Can you hear me running? team.

 

I still can’t believe that the very defect that paused me from being on stage for a while  and left me feeling invisible has now led me back onto it making such noise and being so visible. That and of course putting on a pair of running shows one cold autumn morning. One of the best things about doing the show? I saw so many people I haven’t seen for ages. I joked with a few of them that we needed to catch up and then realized that we had by me telling the story on stage. Many were moved by the show, had no idea that my vocal issues had such a profound affect on me. There was a lot of shame attached to how I felt at the time as I didn’t feel justified in complaining about it. It was only a loss of voice – I wasn’t ill, but inside I felt like I was slowly evaporating.
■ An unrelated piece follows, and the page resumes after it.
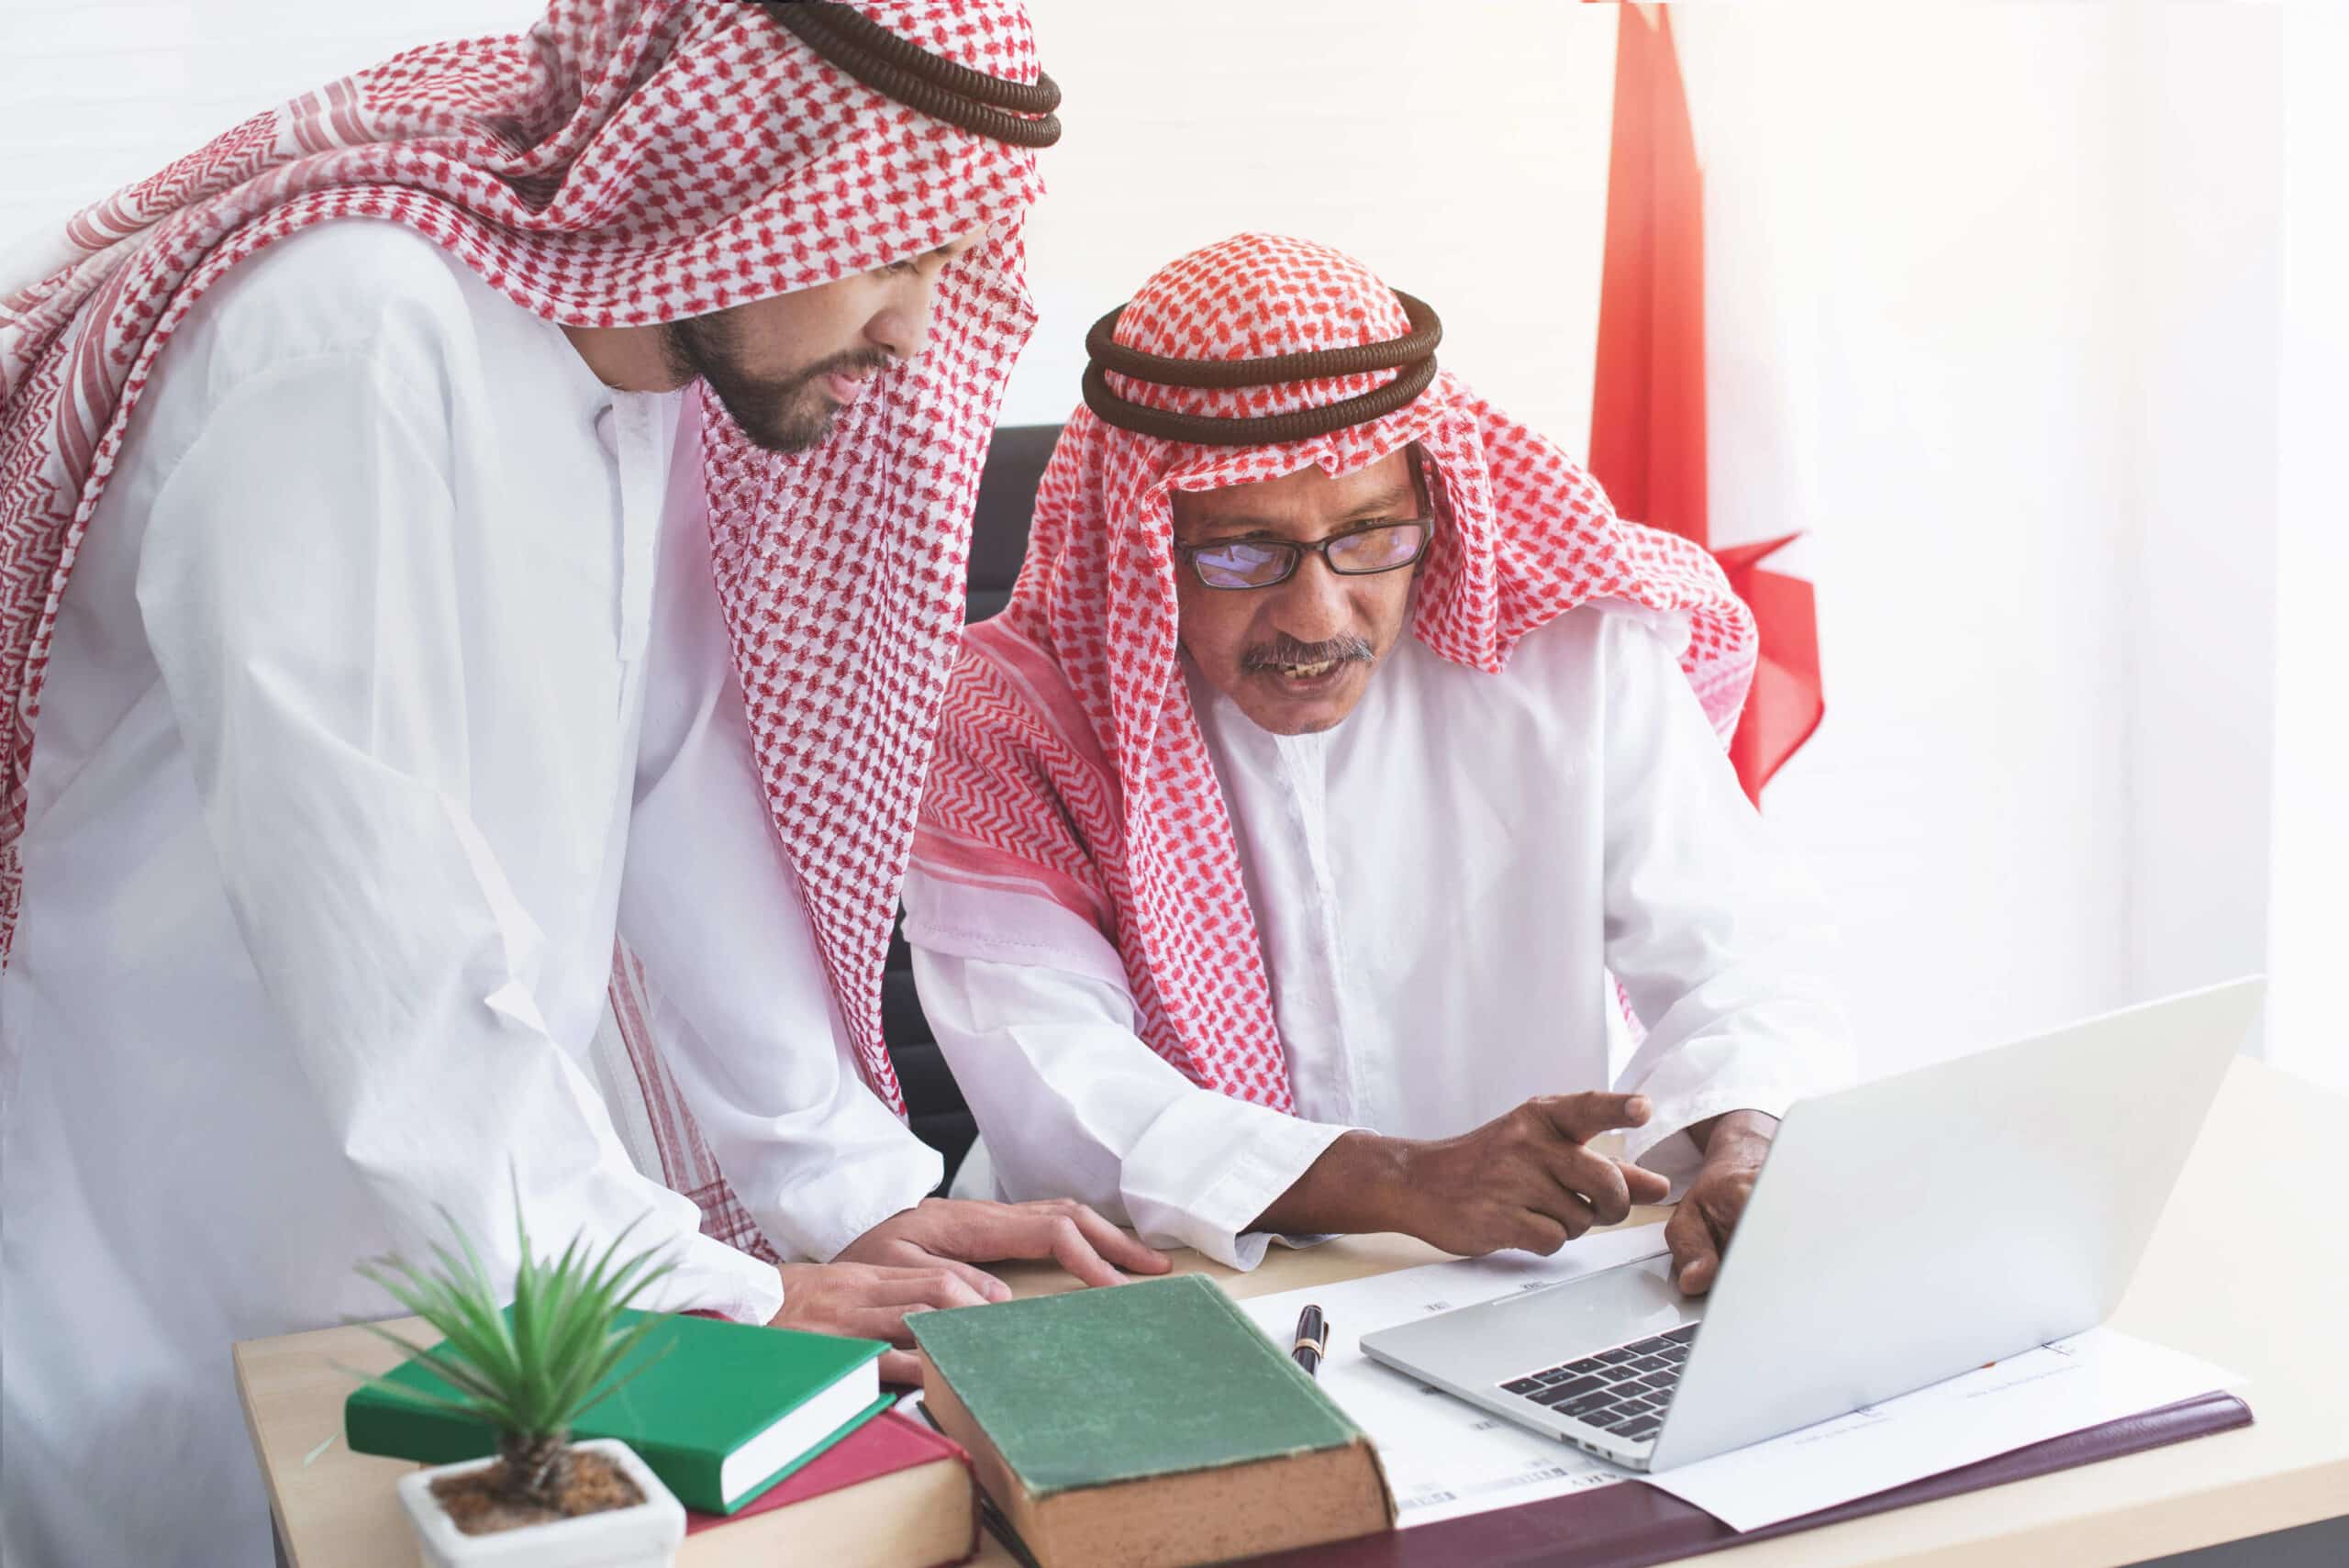 دور التدريب التقني والمهني في تحقيق رؤية المملكة العربية السعودية 2030 ومعالجة مشكلة البطالة: تحديات وفرص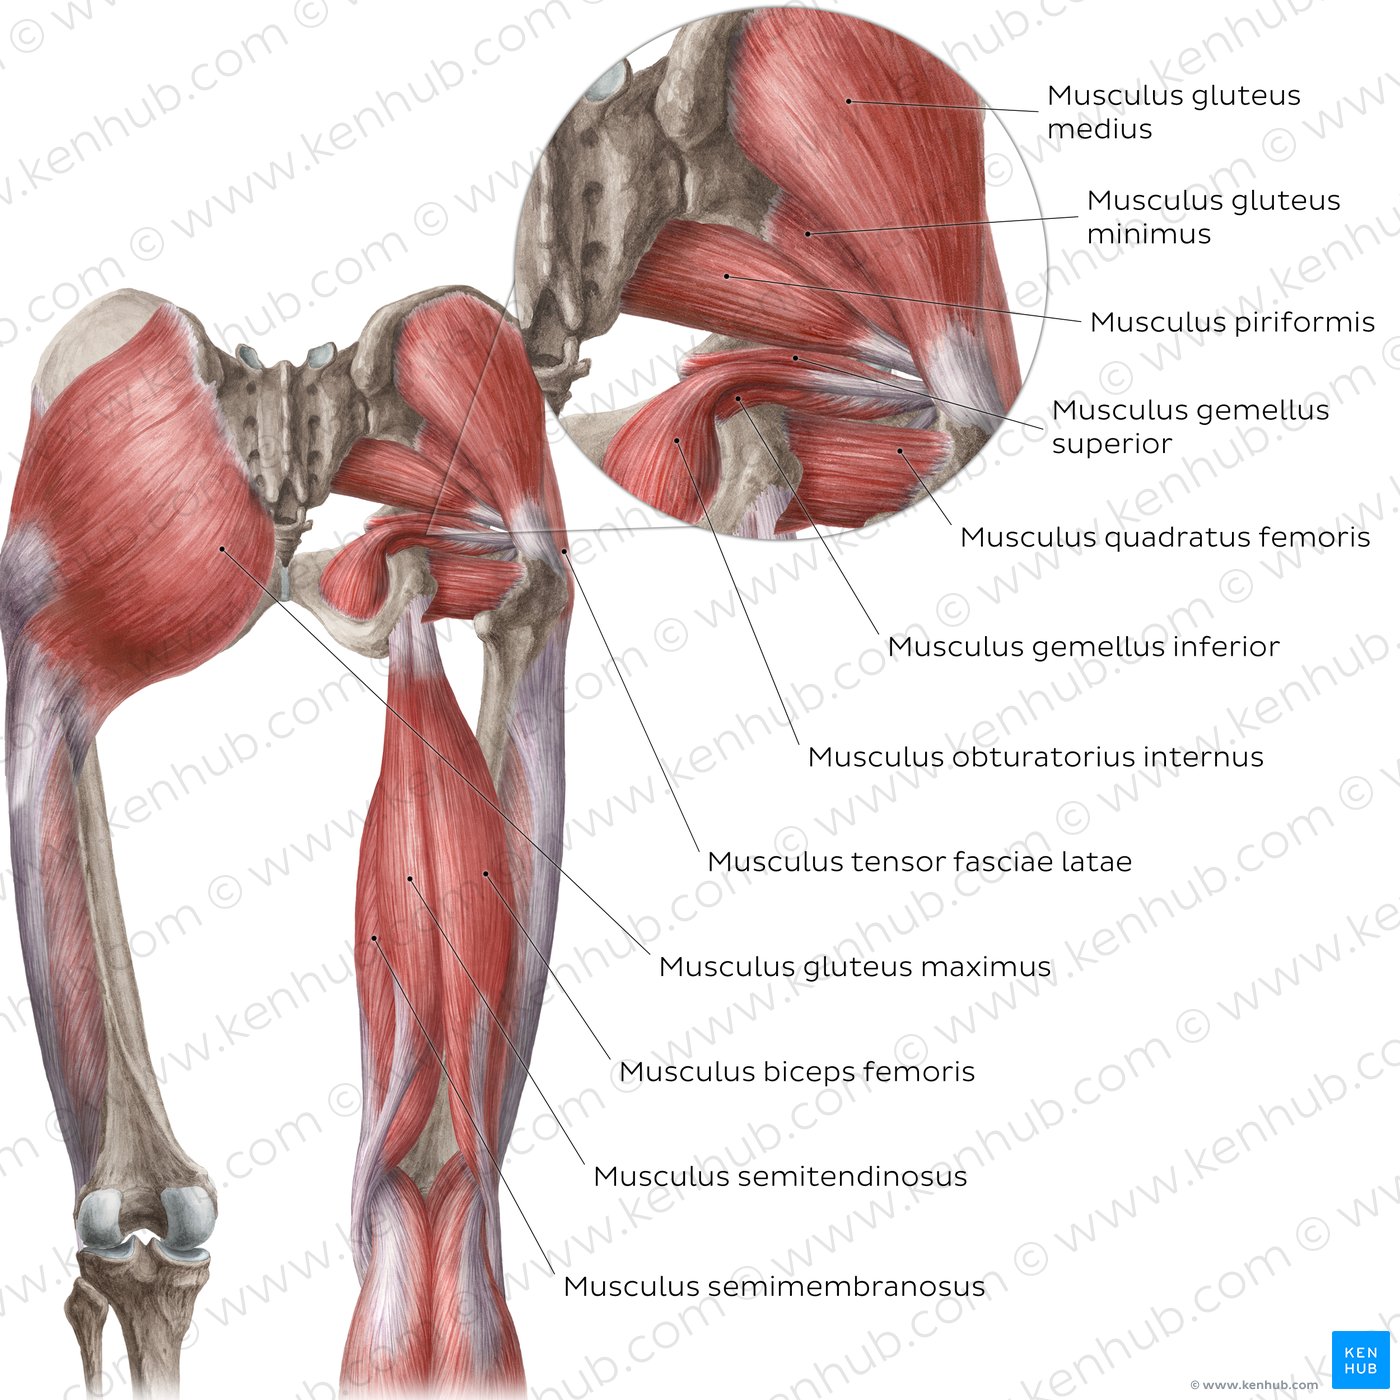 Musculus biceps femoris: Anatomie, Funktion & Versorgung | Kenhub

The running kept my feet on the ground. Somehow, this way ironically performing an intensive vocally challenging show, alone on stage seemed the right way to express it. Suddenly, its a story, hopefully that had a universal theme and not just another thing that happened to a forty something. We had time to develop it over two years and really think about how this would reach a wide audience. I felt very grateful to all who came. Very touched that people came to support. Thank you..and for the people who couldn’t but offered words of encouragement and shared posts.    The other great thing about being back on stage? You can be anywhere ( even if it is back in your own youth running up Moel famau) and be anyone ( even if  it’s your old self) because sometimes life gets ugly and you see some bloody awful things, and you really really want to be somewhere else and we all need to see something else don’t  we?  And pretend? An imagine?  By disappearing into the play I’ve made myself appear again. I just told a story, that’s all. One that I happened to be in. I hope I get to run it again because having had a rest in Wales…I’ve stoked a fire and loved making a bit of noise, SO glad I took the leap.  So glad I took a risk. So glad I made myself scared when I felt like running a mile! Till the next run………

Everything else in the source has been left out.